I'm still thinking about it this morning. It feels like I may finally have achieved a form of closure on a particularly painful part of my past. I've felt like this before, though—and each time it happened I would realise after a month or so that I was just kidding myself and that nothing had actually changed, so I'm not going to jinx things by discussing what happened yesterday here. I need to process what I discovered and give it a chance to either sink in and do its work, or fade back into the general tumult that passes for my inner thoughts. But today, I don't feel as down as I did yesterday. I hope that feeling continues to stick around.
I still feel as exhausted this morning as I usually do. But for the second half of last night I slept like a log, and that never happens.

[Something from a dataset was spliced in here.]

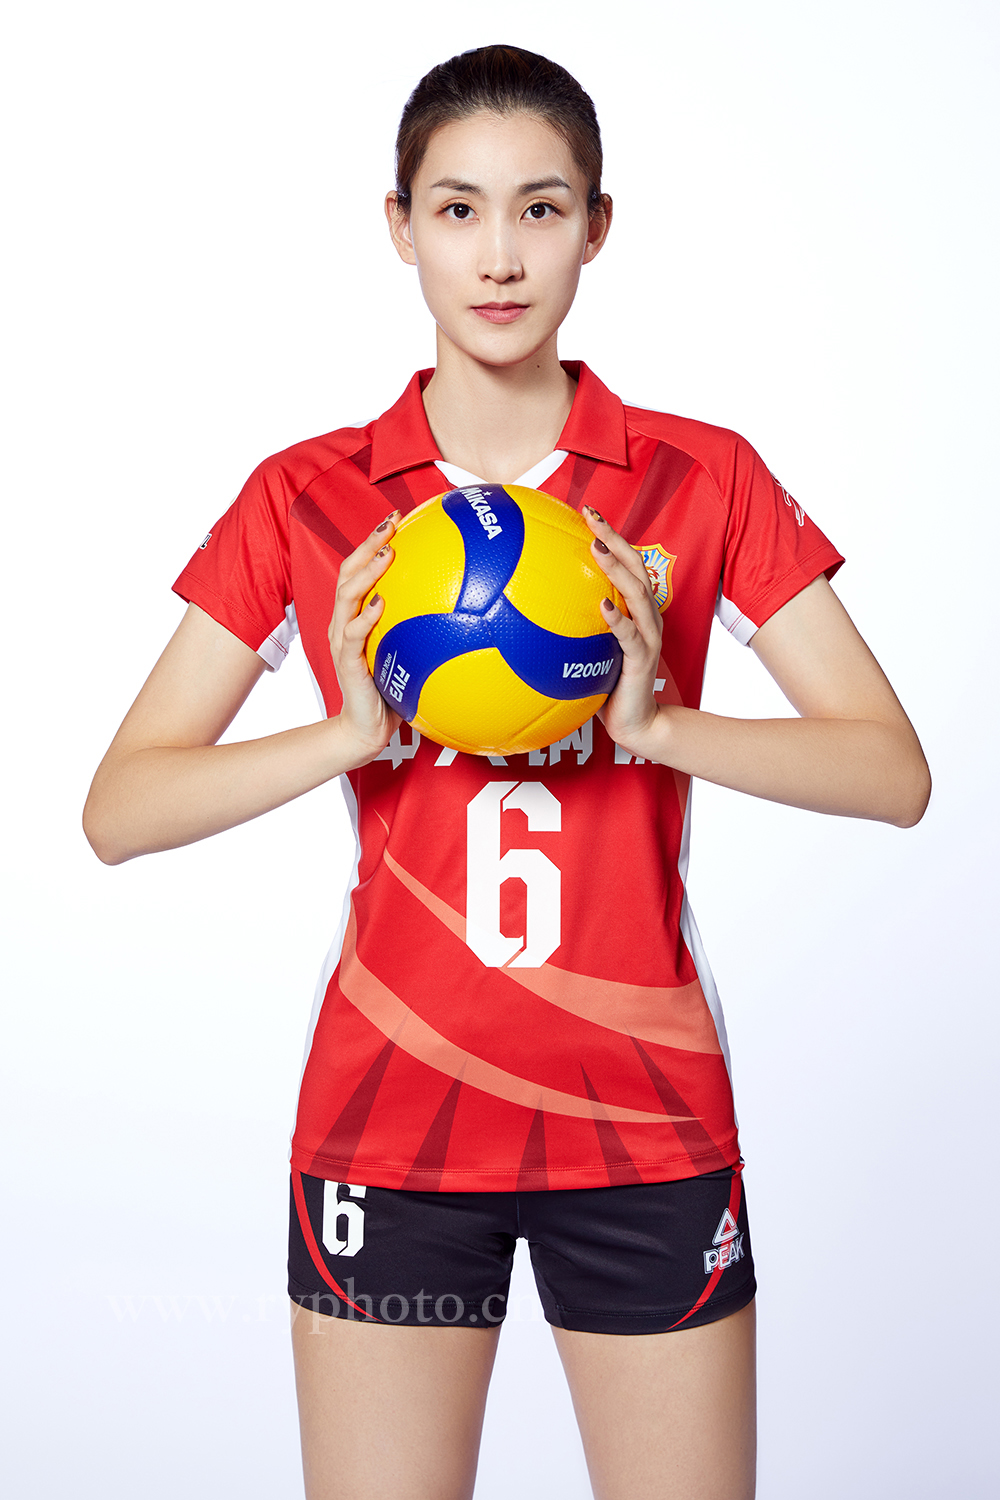 江苏女排定妆照-体育运动员形象照宣传照广告宣传图片 中国女排国家队(图2)

Tired or not, I got some work done in the studio yesterday afternoon and even did some work on graphics for the blog. That's more than I've managed to do in quite a while. I hope this means that I'm beginning to get my creative mojo back. It was largely absent for the second half of last month. The bathroom refit is still under way here, so I'm unlikely to get much done this week, though. Today the ceiling is being painted and more of the tiles are being fitted.
I'll be very glad when it's all finished and I'll have the house to myself once again. And I can't wait to have a bath.